No, I run it in background (thank you for teach-me how to do it with in a direnv issue)

# Start services in background
background() {
  exec 0>&-
  exec 1>&-
  exec 2>&-
  exec 3>&-
  initSvcsd &
  disown $!
}
background

2 Exit/Ctrl+D

The background services tracks caller pid, for my case pid is a link, created before the background service starts.
We have two cases here:

  • You stop direnv/shell after the link and before the background service start: next time when service start it will remove invalid pid
  • You stop direnv/shell after the backgound service start: it will kill itself once pid of shell doesn't exist anymore
# Stop services when all registered procs died
while true
do
  sleep 1
  # delete dead procs link
  find $PRJ_DATA_DIR/procs/ -xtype l -delete
  # stop services if folder is empty
  find $PRJ_DATA_DIR/procs/ -type  d -empty -exec stopSvcs \;
done

Again the bug part is get the correct pid

# Register pids on startup
local SESSION_PID=$$
local PARENT_PID=$PPID
while grep -q direnv /proc/$PARENT_PID/comm
do
  SESSION_PID=$(ps -o ppid= $PARENT_PID|tr -d \[:space:\])
  PARENT_PID=$SESSION_PID
done
ln -s /proc/$SESSION_PID/comm $PRJ_SVCS_DIR/stopSvcsd/procs/$SESSION_PID &>/dev/null
  1. direnv reload, Does this shutdown/restart the services?

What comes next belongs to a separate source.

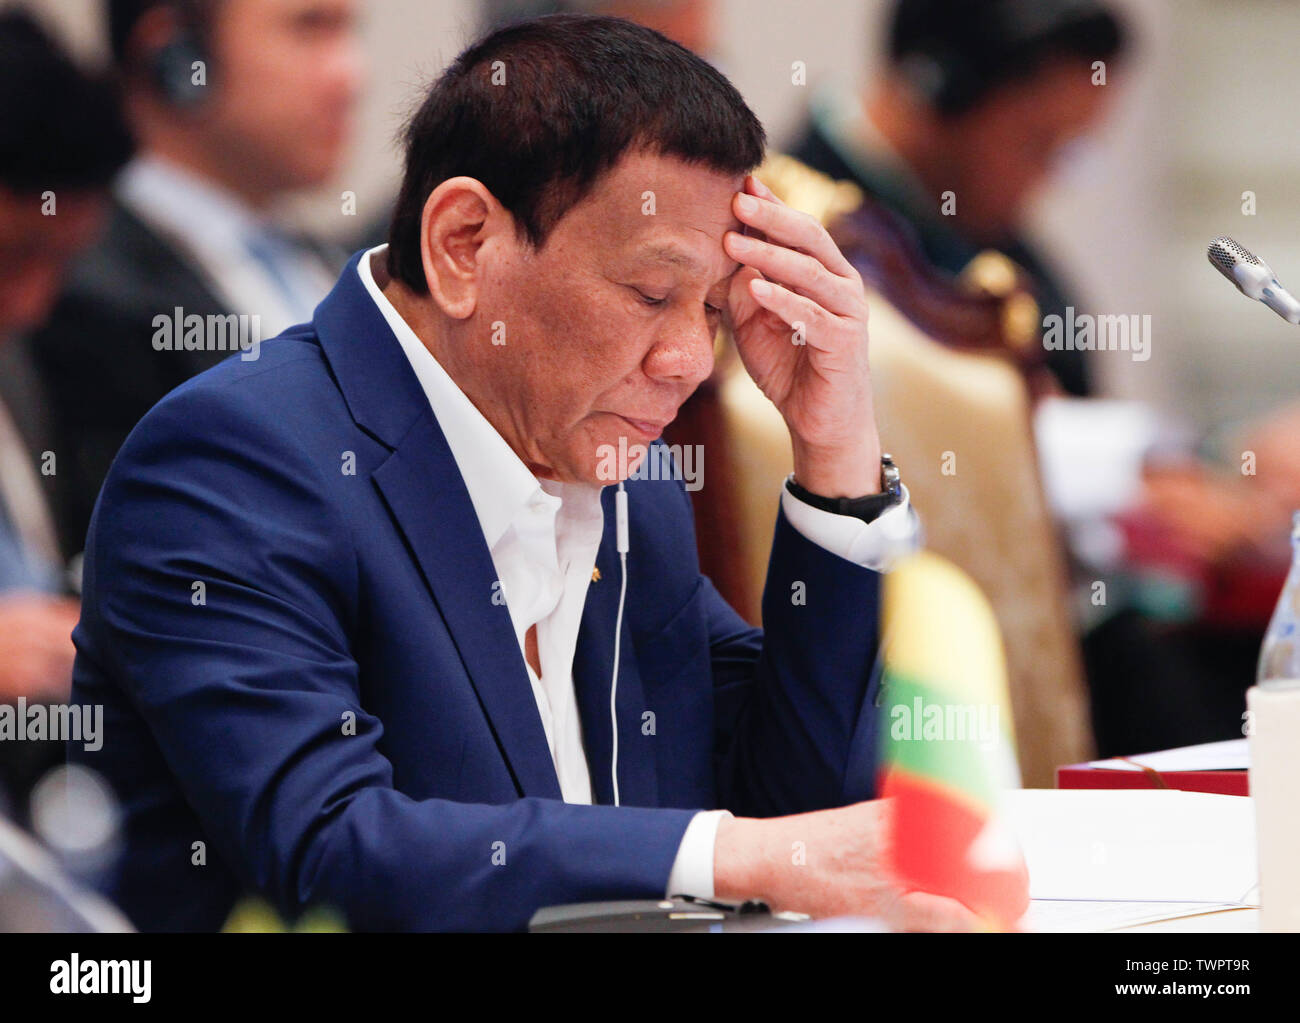 Le président de la République des Philippines, Rodrigo Duterte Roa assiste à une 34e Sommet de l'ASEAN (Plénière) à Bangkok. Le sommet de l'ASEAN est une réunion semestrielle tenue par les membres de l'Association des nations de l'Asie du Sud-Est (ANASE) dans les domaines économique, politique, de la sécurité, et socio-culturel des pays d'Asie. Banque D'Images

Not today, but if I have a notification from direnv, would restart, unless the reload would be fast enough, to remove pid and add again before the check.

To be honest not sure if it is a good or bad thing, since 4. Maybe an interval before stop should be configurable.

  1. requires a different set of services to run.

See 3.

Depends on how honcho tracks the services.

ie: I'm not using Honcho but S6, it requires a 'rescan' of services or start/stop,

That is why yesterday I created a inotify module that configures a service to run X command when Y files changes.